Андрей нахмурился, но ничего не ответил. Через полчаса они уже были в Шереметьево, и еще час, оставив Наталью в кафе, он бесцельно бродил мимо киосков, выходил покурить к стоянке такси и даже решил купить какие-то средней паршивости розы… Наконец объявили посадку, и Андрей вдруг понял, как сможет остаться с Машей наедине. Он вынул из кармана телефон, набрал номер. Ему ответил хриплый со сна голос:
– Кирилл.
– Привет, – неловко сказал Андрей. – Ты не на дежурстве?
– Не-а. А кто это?
– Андрей. Яковлев.
– А… Опер. Здорово. Чего нового?
– Да вот, стою, жду свою девушку в аэропорту. Может, попросишь кого из своих – хочу сделать ей сюрприз – встретить, так сказать, у трапа самолета…
– Да без проблем. – Знакомый пограничник зевнул. – Сейчас к тебе выйдут – проводят.
И действительно, минут через пять его вышел встречать усатый Кириллов коллега. Представившись и пожав Андрею руку, он без труда провел капитана через пограничный контроль и оставил уже у рукава-коридора, присоединенного к самолету. Андрей встал как дурак, с розочками наперевес и, неловко улыбаясь снующим туда-сюда девушкам в форме «Аэрофлота», стал ждать.
Первыми из самолета вышли пассажиры бизнес-класса, за ними – деловые мамаши, торопящиеся уложить своих отпрысков… Затем солидные супружеские пары, старики… Поток стал редеть, а Маши все не было. И тогда он двинулся ей навстречу и, показав удивленной стюардессе удостоверение, прошел внутрь.
Маша сидела у окна в середине салона самолета и не двигалась. Он молча сел рядом, положил ненужные розы на кресло с другой стороны, заглянул ей в лицо. Она тихо плакала. Слезы текли по щекам, рот кривился в жалкой усмешке. Андрей вздохнул, откинул поручень, отделяющий два кресла, придвинулся поближе и обнял ее. А она положила ему голову на плечо и прижалась так тесно, как могла, спрятав ему под свитер холодные ладони. Так они сидели, впечатавшись друг в друга, Маша – закрыв глаза, а Андрей – глядя, как снаружи, на летном поле, дюжие грузчики выкидывают из нутра самолета чемоданы и забрасывают на грузовичок-тележку.

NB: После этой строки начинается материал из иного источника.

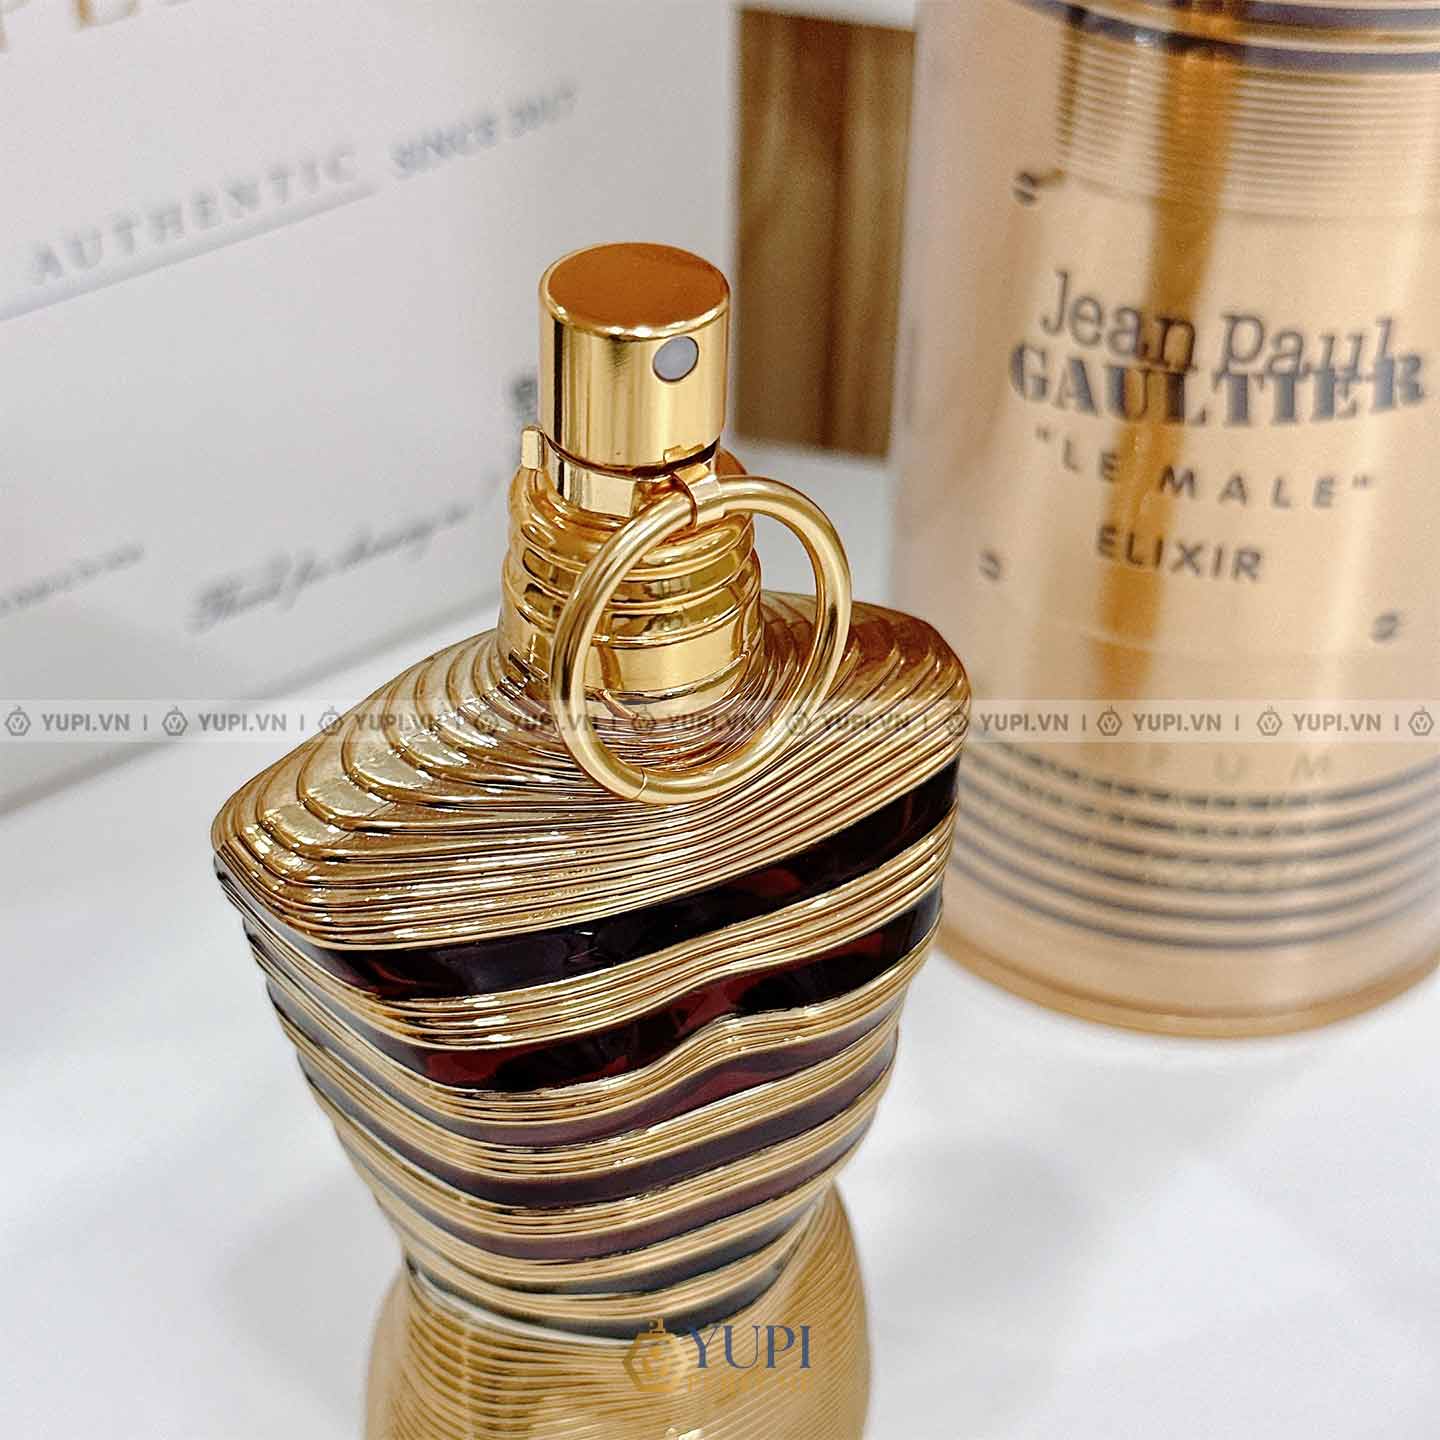 jean paul gaultier le male elixir parfum

– Ш-ш-ш… – шептал он в розовое мокрое Машино ухо, куда закатились несколько слезинок. – Ш-ш-ш… Все будет хорошо, любимая. Все будет хорошо.
Эпилог
«Все будет хорошо, – говорил он себе. – Все будет хорошо». Они все поймут, его сыновья, вернувшись с камнями из снаряженной им в Ост-Индию экспедиции. Они догадаются – они с детства любили разгадывать ребусы. Это он чуть было не опоздал, старый болван, пригревшийся под бледным антверпенским небом.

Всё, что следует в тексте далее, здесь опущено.